Он прошел мимо фасада британского посольства, где стоял на страже Ганноверский полк, свернул за угол и немного подождал в одном из тех удобных темных переулков, что составляют альтернативную карту дипломатических кварталов по всему миру. Через несколько мгновений рядом распахнулась дверь, лишенная каких-либо отличительных признаков. Его пригласили внутрь и взяли у него пальто.

* * *

– Девушка пришла к парадному входу, кажется, чем-то расстроенная. Она заговорила с одним из наших ганноверцев, рядовым Глассманом, и сильно разволновалась, когда он не смог ее понять. По-видимому, она решила, что ее не поймет никто из нас. Мы пытались провести ее через осматривающее устройство в вестибюле, но она и слышать об этом не хотела.

Посла звали Байюми, это был мусульманин с сединой в бороде. Гамильтон уже встречался с ним однажды, на балу во дворце, балансировавшем на верхушке одной-единственной волны, которая была выращена из океана и удерживалась на месте в знак присутствия членов королевских семей трех великих держав. Как ему и следовало, дипломат держался корректно и обходительно, так что казалось, будто его высокий пост совсем не имеет веса. Возможно, он и в самом деле не чувствовал бремени своих обязанностей.

– Так значит, она может быть вооружена? – Гамильтон заставил себя сесть и теперь сосредоточенно разглядывал завитки волокон пушечного дерева на лакированной поверхности посольского стола.

– Она может быть сложена в несколько раз, как оригами.

– Но вы уверены, что это действительно она?

– Видите ли, майор… – Гамильтон узнал этот момент разворачивания дипломатических способностей континентального посла. По крайней мере, они имелись. – Если возможно, я бы предпочел, чтобы мы решили этот вопрос, не компрометируя достоинство девушки…

Гамильтон оборвал его:

– Ваши люди не доверили курьеру ничего, кроме ее имени и предположения, что один из здешних солдат может быть скомпрометирован. – Это была настолько грубая работа, что в ней чудилась угроза. – В чем дело?

Посол вздохнул.

– Я взял себе за правило, – сказал он, – никогда не спрашивать даму о ее возрасте.

* * *

Вначале ее поместили в вестибюле, закрыв на этот день посольство для всех других дел.

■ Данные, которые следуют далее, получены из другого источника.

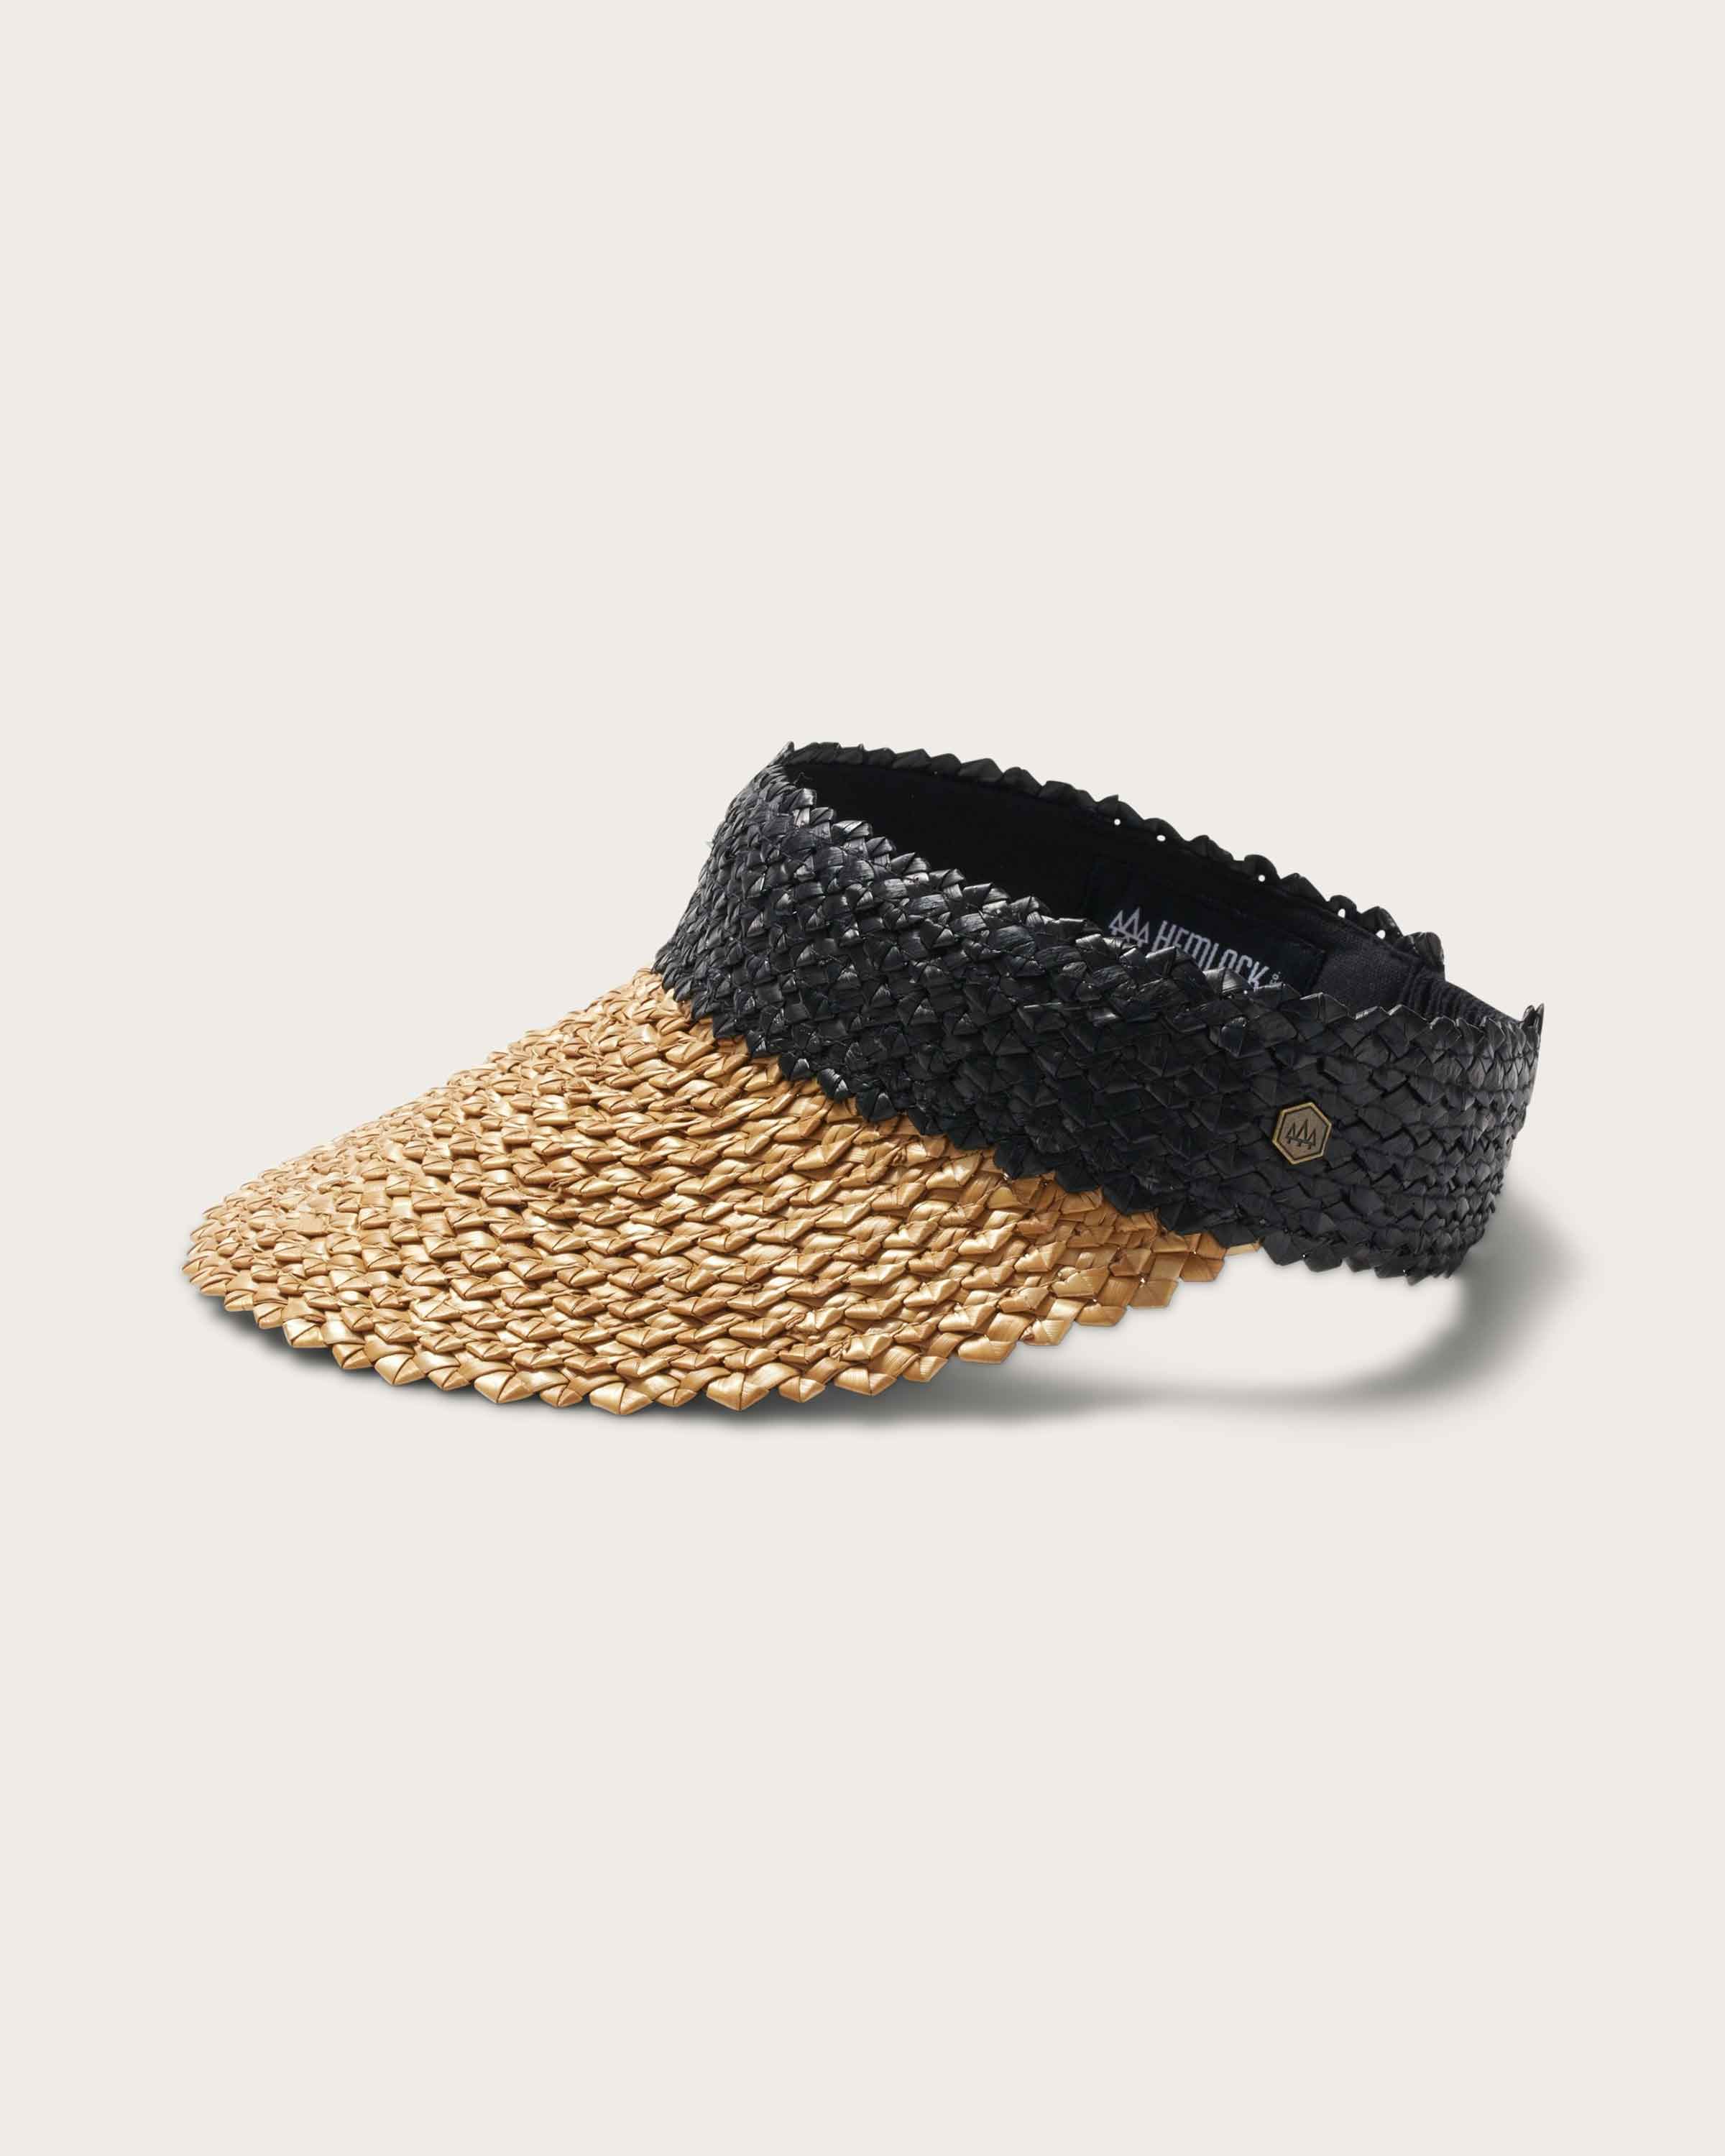 Hemlock Capri Straw visor in Black and Tan

Позже к вестибюлю присоединили бункер охраны, проделав в стене дверной проем и устроив внутри небольшое помещение для девушки.

От остального посольства оно отделялось складкой, сквозь которую пропустили свет, так что Гамильтон мог наблюдать за девушкой на интеллектуальной проекции, занявшей большую часть стены одного из множества неиспользуемых офисных помещений посольства.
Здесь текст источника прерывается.